Arisierung, organisierte Beraubung und jüdische Zwangsarbeit 1933 bis 1945: Tonwerk, ein Projekt mit Ryan Lilienthal aus Princeton
- Categories Engagement
- Date 18.02.2026
Schülerinnen und Schüler haben sich in ihren Arbeiten im Archiv mit zahlreichen konkreten Fällen der organisierten Beraubung und Enteignung sowie der jüdischen Zwangsarbeit in der Region befasst. Der systematische Entzug jeglicher Lebensgrundlagen und die Entrechtung und Ausgrenzung vollzogen sich vor allen Augen.
Die von Jugendlichen gestalteten besonderen Ziegelsteine -„Translucent Bricks“- versuchen eine persönliche Verbindung zu den einzelnen Opfern zu schaffen. Sie stehen aber auch in direktem Bezug zu Ryan Lilienthals Arbeit über seine eigene Familie. Die Schülerinnen und Schüler nutzen die originalen Gussformen der Ziegelsteine aus dem Tonwerk Heppenheim, in dem seine Familie Zwangsarbeit leisten musste, vor der Deportation und Vernichtung.
Gleichzeitig werfen ihre aus Porzellan gefertigten beleuchteten Ziegelsteine ein besonderes Licht auf die historischen Originalziegelsteine in der Installation.
Die Jugendlichen haben sich mit vielen oft sehr persönlichen Dokumenten und Briefen der Opfer befasst.

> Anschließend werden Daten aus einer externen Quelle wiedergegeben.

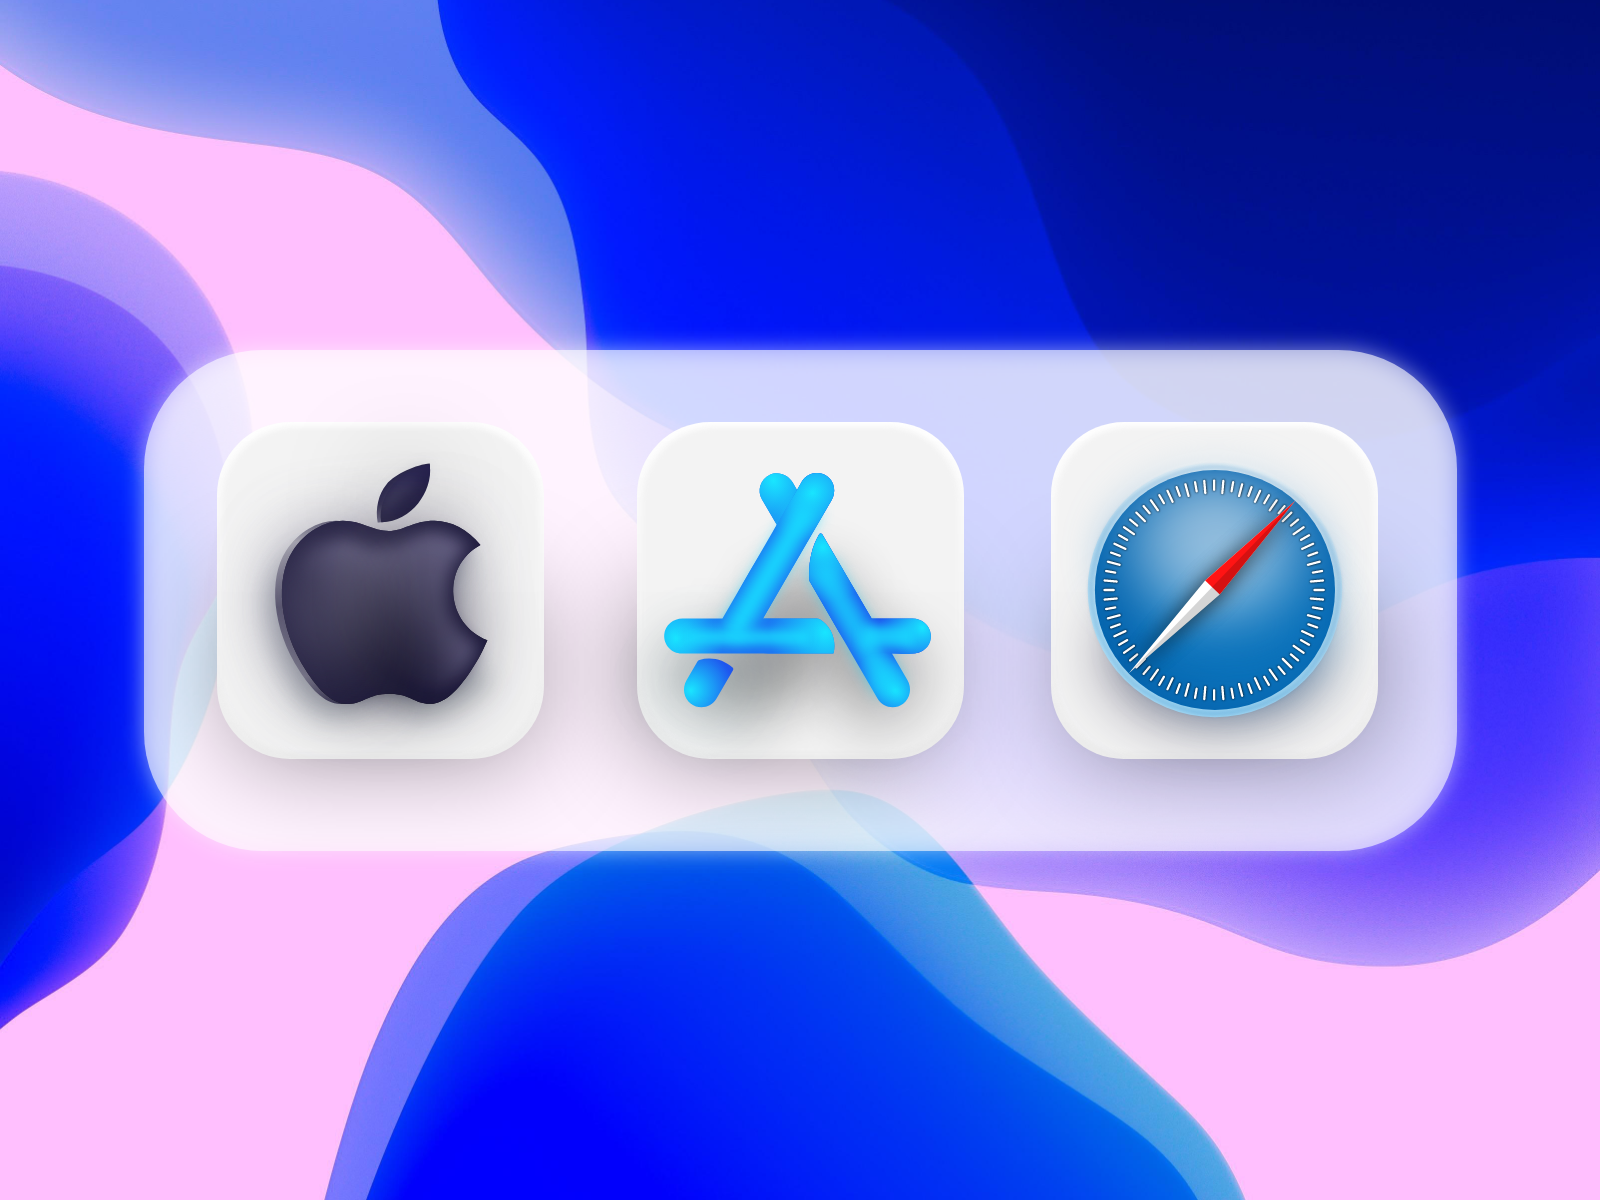 Айфон 14 значки. Иконка IOS. Иконки в стиле Apple. Иконки иос 14. Иконки приложений Apple.

Ihre Idee war es, durch die Übertragung der persönlichen Unterschriften Nähe zu schaffen und den Menschen ihre individuelle Identität zurückzugeben.
Ergänzend sammelten sie Begriffe aus den Briefen und Dokumenten, die Verlust und Trauma adressieren oder eigene Emotionen ausdrücken.
Jeder Begriff hat seine eigene individuelle Bedeutung für die jeweilige Person.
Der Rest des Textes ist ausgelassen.